"""

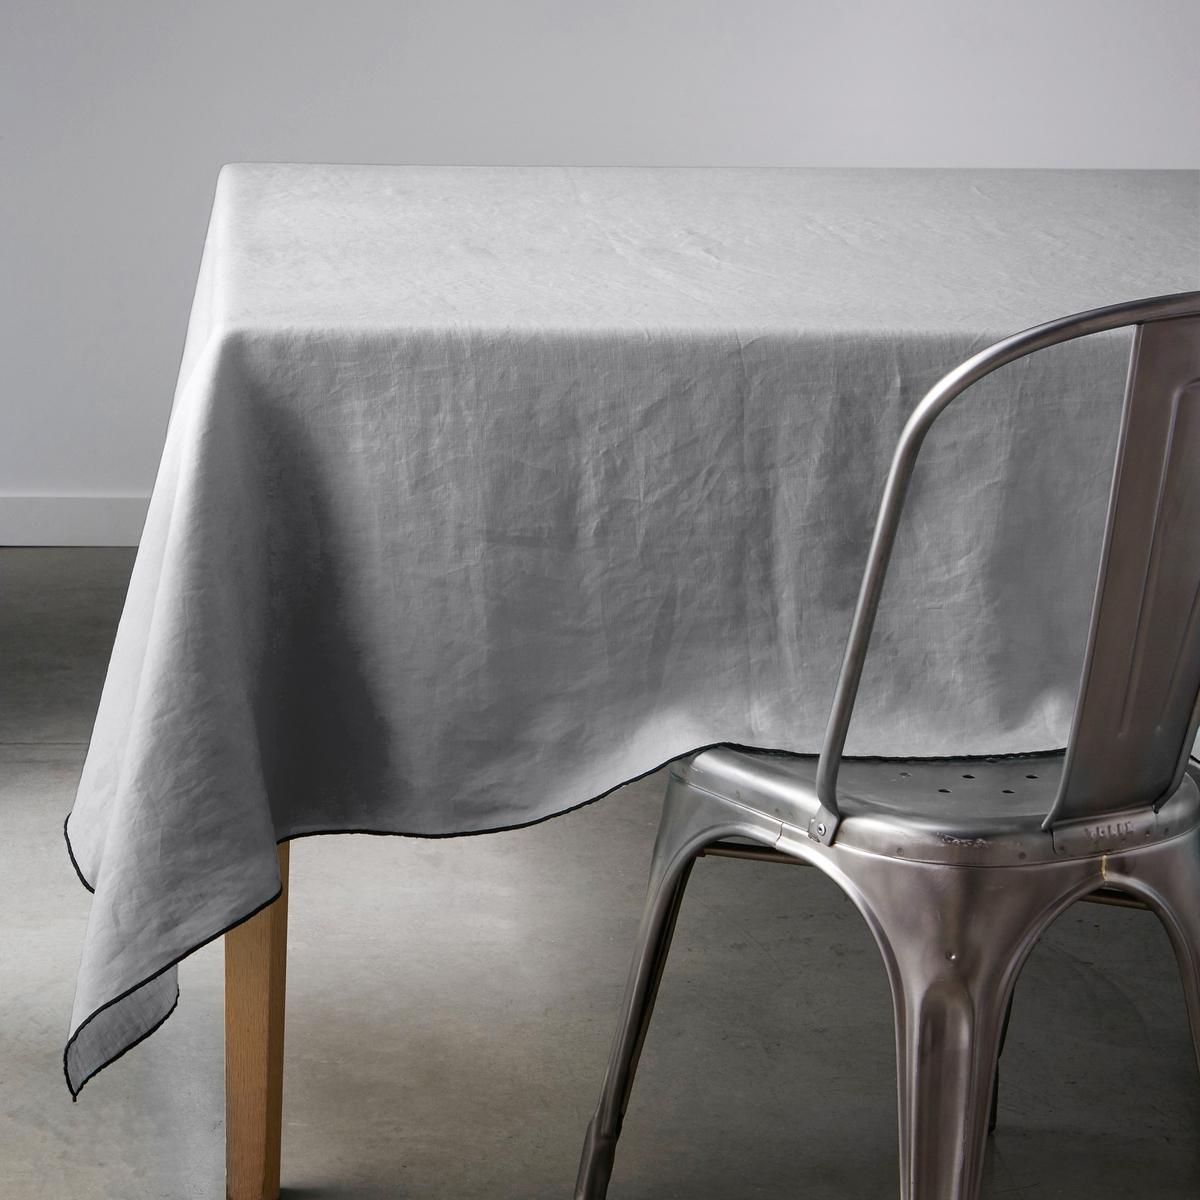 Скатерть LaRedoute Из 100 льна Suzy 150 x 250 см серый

"""
"""

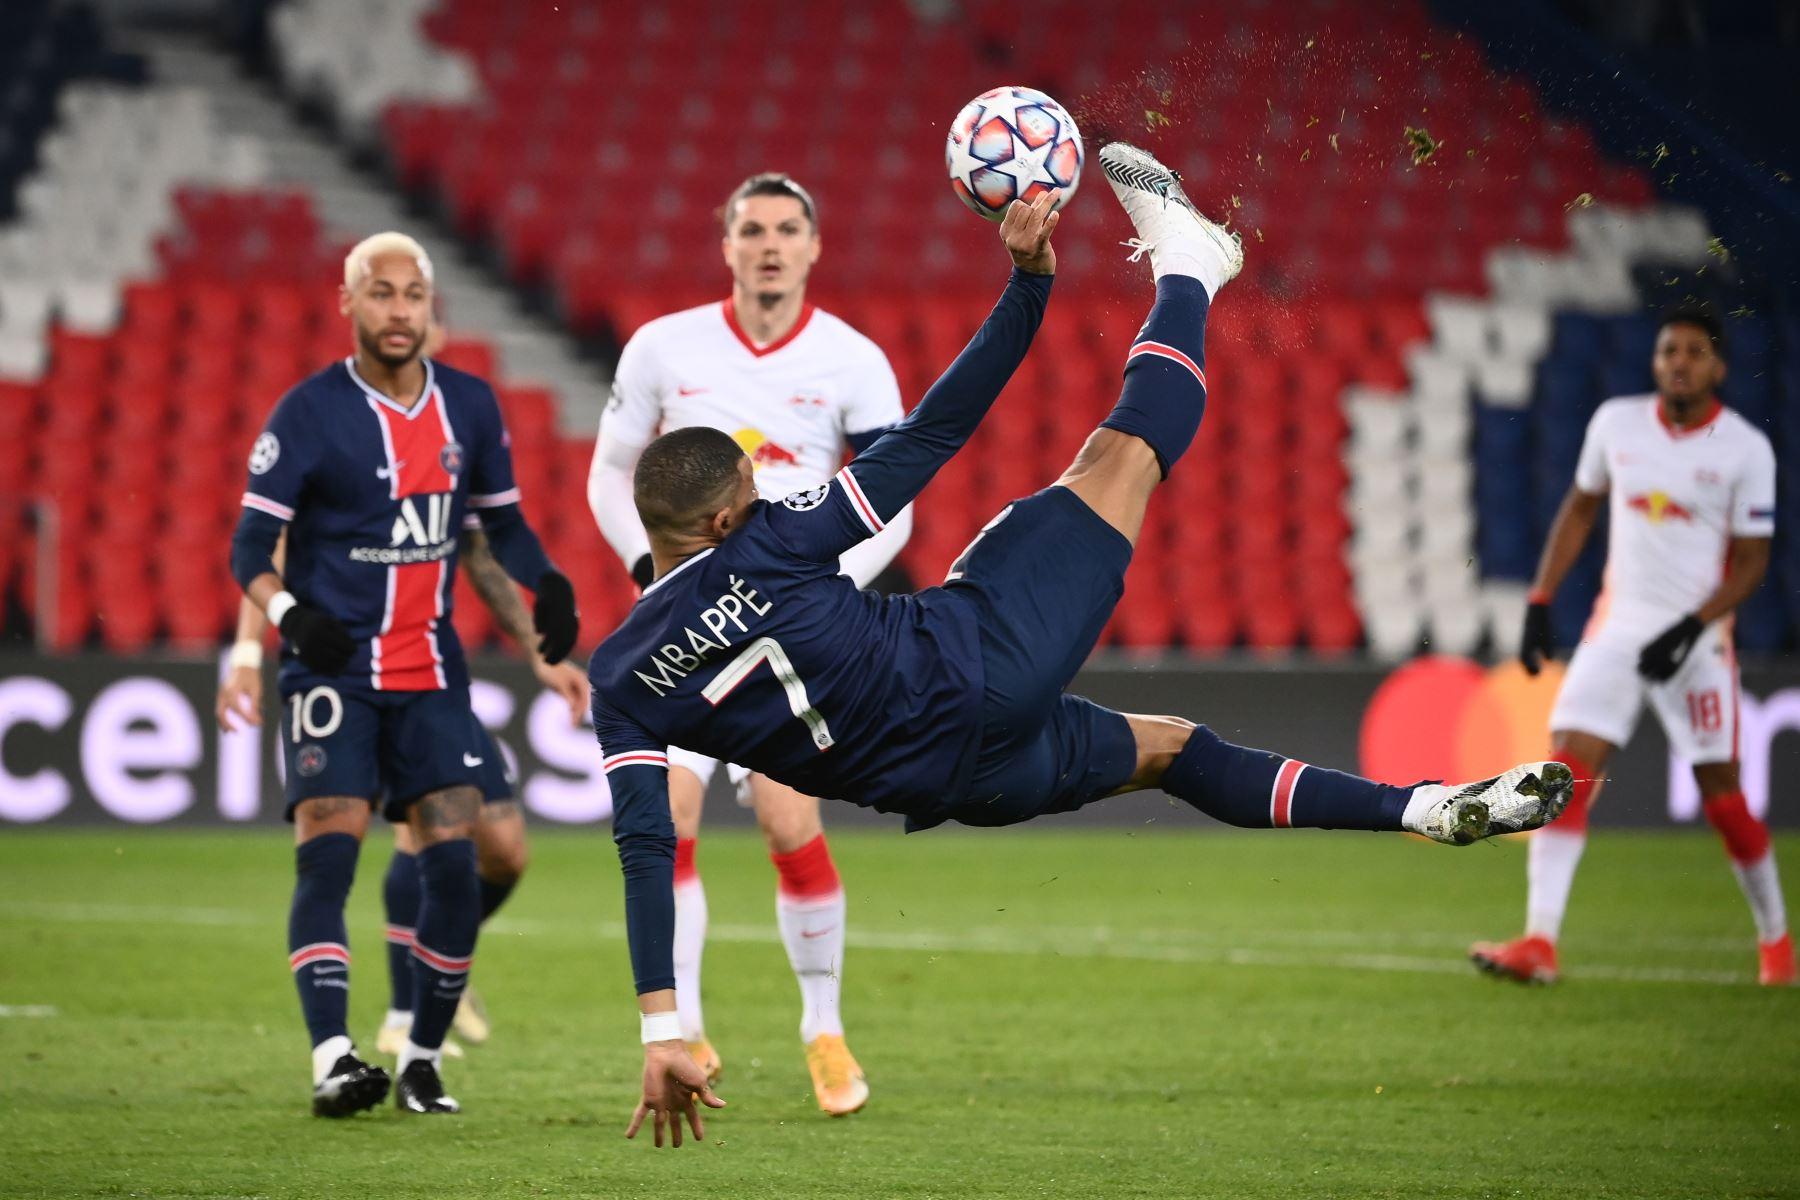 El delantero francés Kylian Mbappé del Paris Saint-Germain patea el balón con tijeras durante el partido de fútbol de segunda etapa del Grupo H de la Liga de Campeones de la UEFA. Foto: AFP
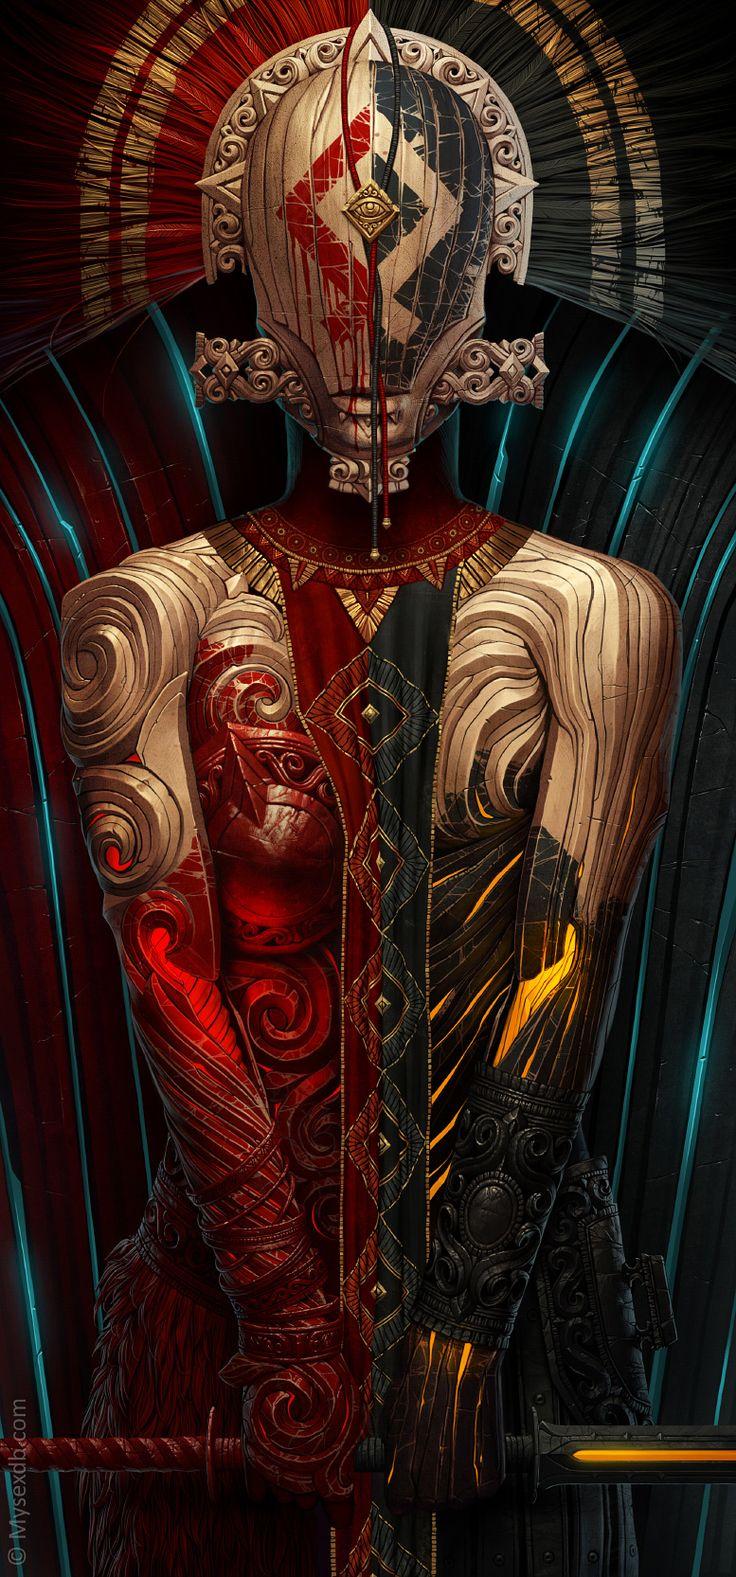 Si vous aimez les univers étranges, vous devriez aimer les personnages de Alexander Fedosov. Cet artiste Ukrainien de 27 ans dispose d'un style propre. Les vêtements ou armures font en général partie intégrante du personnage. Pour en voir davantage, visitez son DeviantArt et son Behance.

"""
"""

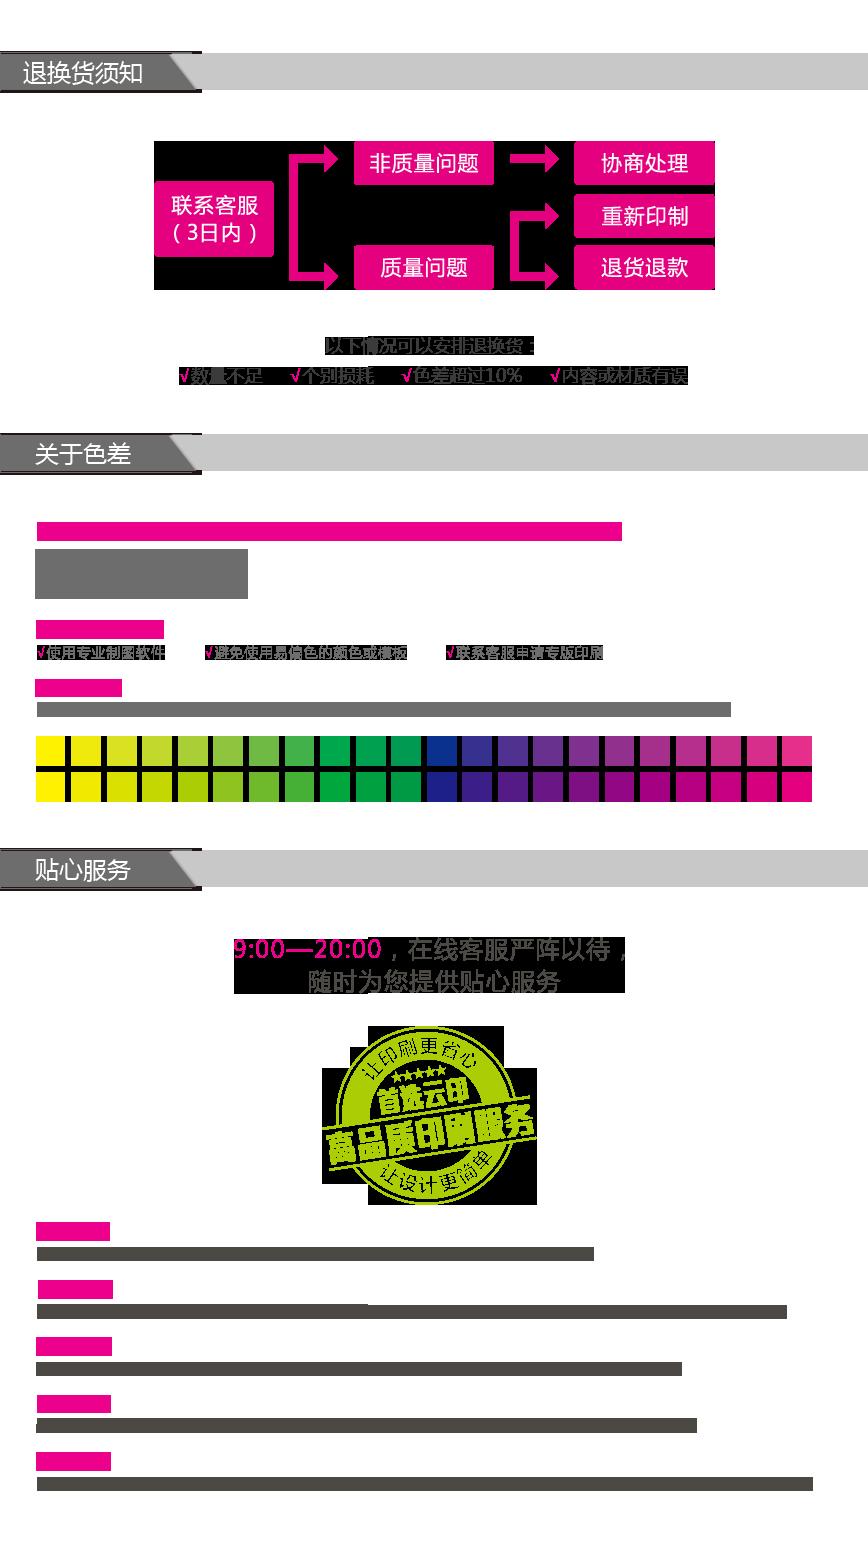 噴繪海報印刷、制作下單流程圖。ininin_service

"""

> WHAT YOU NEED TO DO
Find the line with "El delantero francés" in the data above, and from there retype each line exactly through the line with "Si vous aimez", skipping the pictures along the way.

> ANSWER SECTION
 El delantero francés Kylian Mbappé del Paris Saint-Germain patea el balón con tijeras durante el partido de fútbol de segunda etapa del Grupo H de la Liga de Campeones de la UEFA. Foto: AFP
 Si vous aimez les univers étranges, vous devriez aimer les personnages de Alexander Fedosov. Cet artiste Ukrainien de 27 ans dispose d'un style propre. Les vêtements ou armures font en général partie intégrante du personnage. Pour en voir davantage, visitez son DeviantArt et son Behance.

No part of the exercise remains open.